Lessons that followed
Since that day I have learned a few things I wish I had known sooner.
Awareness without action keeps you stuck.
Knowing the problem is not enough. You have to move. Even a small step counts.
Control is not strength.
Strength is flexibility. It is the ability to bend without breaking.
Silence is not weakness.
It is space for clarity.
Apologies are powerful when they start with you.
Sometimes the only forgiveness you need is your own.
You cannot lead what you will not look at.
If you refuse to see your patterns, they will lead for you.
These truths are not comfortable. They are real. And real is what leadership requires.
What happens next
When you stop blaming the world you start changing it. The smallest shift in awareness ripples out into every conversation and every choice. You notice where you have been living on autopilot and where you can begin again.
This is why at and. we talk about
(and. )Action. Now. Different/ Difference
It is not a slogan. It is a process. You act because awareness without movement is waste. You act now because waiting is another disguise for fear. You act different because repeating what hurt you will not heal you.
The moment I took responsibility for my reactions was the moment I began to lead my life instead of reacting to it. It did not happen overnight. It still does not. Growth is not a one-time event. It is a daily decision to see yourself clearly.
When you are the problem you are also the solution
This truth has shaped every part of my life and work.

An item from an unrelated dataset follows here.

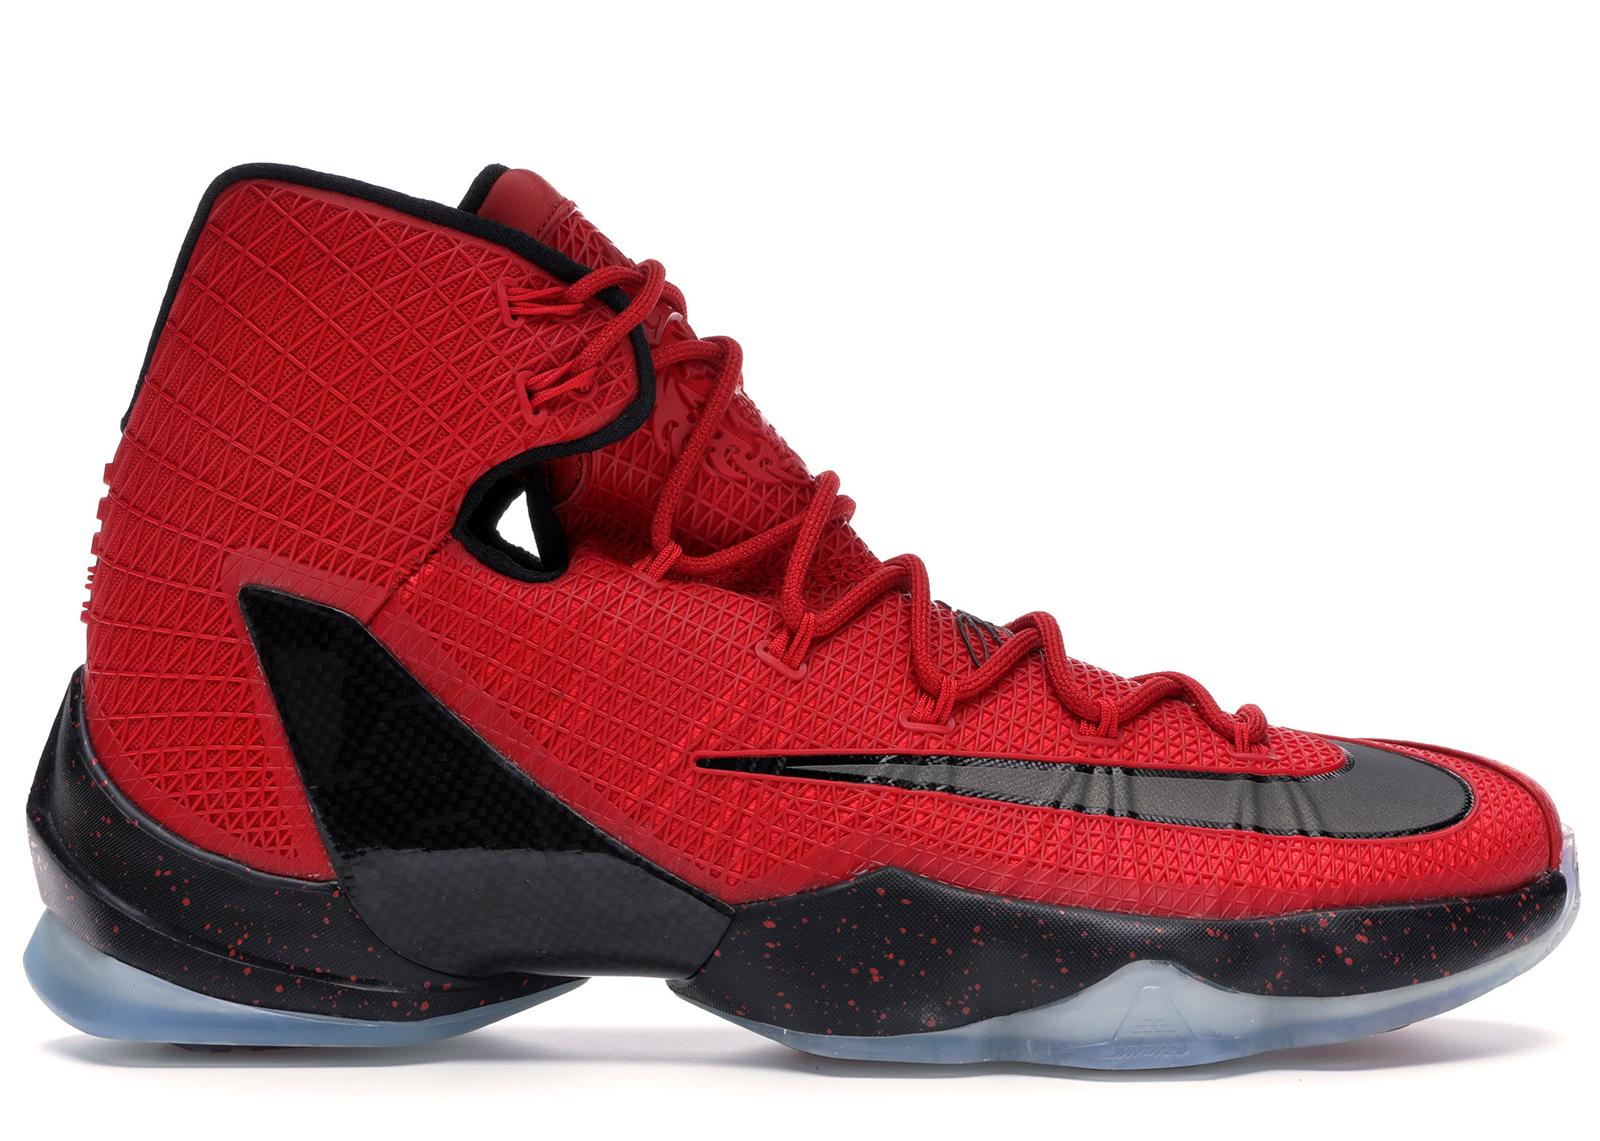 Nike LeBron 13 Elite University Red

It taught me that self leadership is not a destination. It is a relationship. You learn to trust yourself. You break trust. You rebuild. You learn again.
It is easy to stay in victimhood. It keeps you right. It keeps you safe from the weight of change. Yet it also keeps you small.
When you realise you are the problem, it is not a punishment. It is permission.
Permission to take your power back.
To stop waiting for someone to rescue you. To start leading yourself from the inside out.
The greatest freedom you will ever feel is knowing you are responsible for how you show up. You cannot control what happens to you. You can control how you meet it.
That is the work. That is the rewiring. That is leadership.
Final reflection
Every day since that Tuesday I still practice the same pause. When I feel the tension rise or the story start, I stop. I breathe. I ask myself if this is real or if this is memory patterns.
Sometimes I still react. I still fall into old patterns. The difference now is I notice. I come back faster. That is progress.
Leadership is not about having no triggers. It is about knowing your triggers so well they no longer drive you. It is about staying conscious when the easy choice is to shut down. It is about choosing awareness over ego.
That is why I know I was the problem and also the solution.
Everything changed when I stopped running from that truth.
And if you are reading this and it feels close to home, take that as a sign. Not of failure. Of readiness.
You are not broken. You are you being real.